Jakarta,Sonora.Id - Ratusan massa yang tergabung dalam Gerakan Kesejahteraan Nasional (Gekanas), mendatangi gedung Mahkamah Konstitusi (MK) di Jakarta, Selasa (22/8/2023). Kedatangan mereka
untuk menyerahkan materi kesimpulan sidang terhadap uji Formil pengesahan PERPPU CIPTA KERJA menjadi UU no 6 tahun 2023. Serta mengecam pembangkang konstitusi.
"Pada hari ini kami menyampaikan kepada Mahkamah harapannya adalah apa yang menjadi pesan dari saksi ahli Zainal Arifin Mochtar dan Bivitri Susanti, dalam persidangan di MK beberapa waktu lalu,
betul-betul diperhatikan," ujar Kuasa
Hukum Gekanas Saiful Anwar kepada wartawan di Gedung MK, Selasa (22/8/2023).
"Karena kalau UU nomor 6 tahun 2023 tidak dinyatakan inkonstitusional oleh Mahkamah Konstitusi maka niscaya m yang lain semua dengan perpu sebagaimana yang disampaikan dalam persidangan oleh bu Bivitri dan pak Zainal," imbuhnya.

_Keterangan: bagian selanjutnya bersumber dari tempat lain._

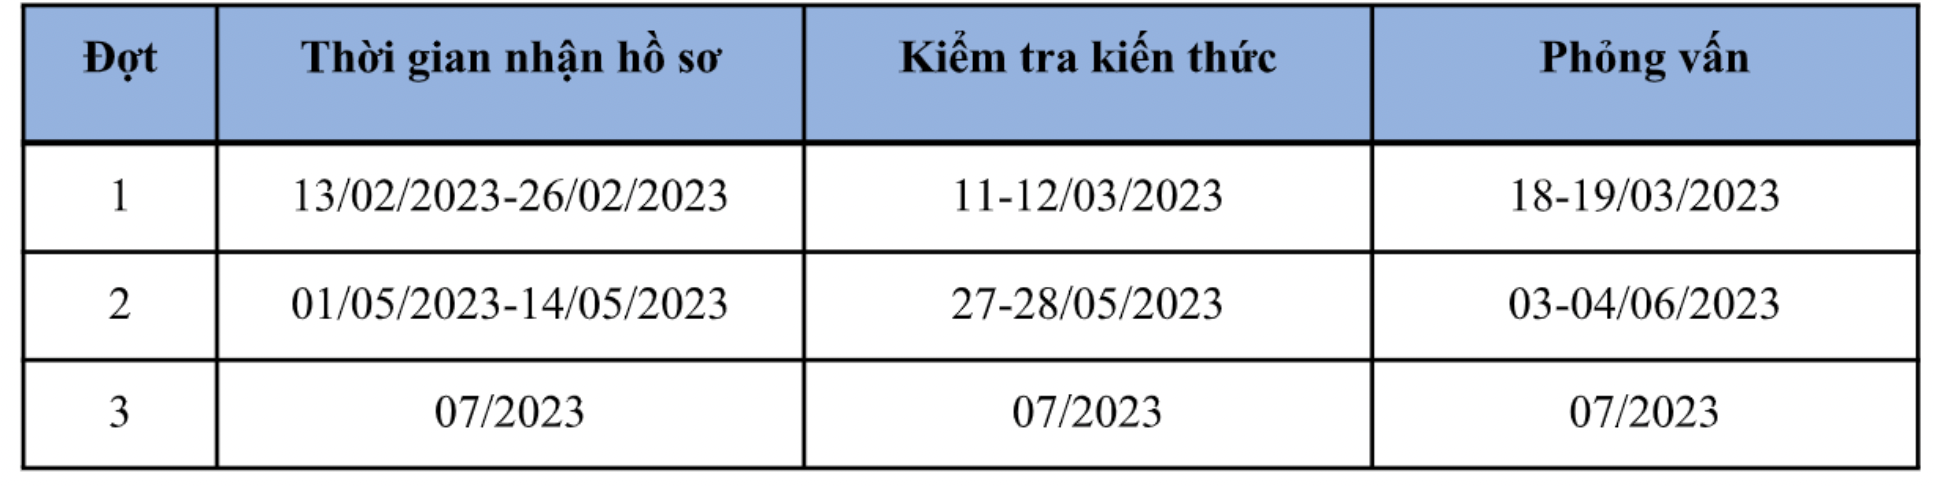 Lịch các đợt tuyển sinh riêng của Trường Đại học Vnăm 2023

Menurut Saiful, keterangan ahli Zainal Arifin Mochtar, ada beberapa hal penting. Yang pertama terkait dengan ketidaktaatan terhadap konstitusi dengan menerbitkan Perppu. Yang kedua bahwa Perppu itu sebagai hukum darurat yang kondisinya diterbitkan dalam keadaan yang normal.Jadi ada sebuah pendaruratan konstitusi yang normal.
"Yang ketiga UU nomor 6 ini hadir dari Perppu yang sudah barang tentu tidak kelihatan Unsur pemaksanya. Tidak ada unsur memaksanya," ujar Saiful.
Dalam sidang tersebut saksi ahli Zainal juga menerangkan bahwa Undang-Undang Nomor 6 Tahun 2023 tentang Penetapan Peraturan Pemerintah Pengganti Undang-Undang Nomor 2 Tahun 2022 tentang Cipta Kerja menjadi Undang-Undang (UU Cipta Kerja) tidak memenuhi hal unsur mendesak dan darurat.
"Dan yang terakhir beliau menegaskan bahwa jika ini didiamkan maka penggunaan Perppu secara serampangan dikhawatirkan akan terus terjadi dan itu akan mengancam hak asasi dan demokrasi," imbuh Saiful.
Bila dikaitkan dengan pernyataan Bivitri, ahli hukum yang diajukan, lanjut Saeful, dikatakan bahwa hal tersebut merupakan pembangkangan konstitusi. Pembangkangan oleh pemerintah dan DPR, sebagai pembentuk undang-undang. Karena tidak melaksanakan putusan MK No. 91 tahun 2020, yang memerintahkan untuk memperbaiki Undang-undang No. 11 tahun 2020.
'Yang paling konkrit adalah meaning full participation. Maka dengan Perppu itu tidak ada lagi partisipasi publik," ujarnya.
Saksi ahli Bivitri, lanjut Saiful juga menegaskan, bahwa tidak ada alasan mendesak. Sebab dari beberapa bukti yang diajukan, tidak ada kekosongan hukum untuk bisa diterbitkan Perppu No. 2 Tahun 2022.
"Karena diterbitkannya Perppu itu satu aturan darurat yang diterbitkan dalam kondisi yang normal. Itu yang bahayanya,” kata Saeful.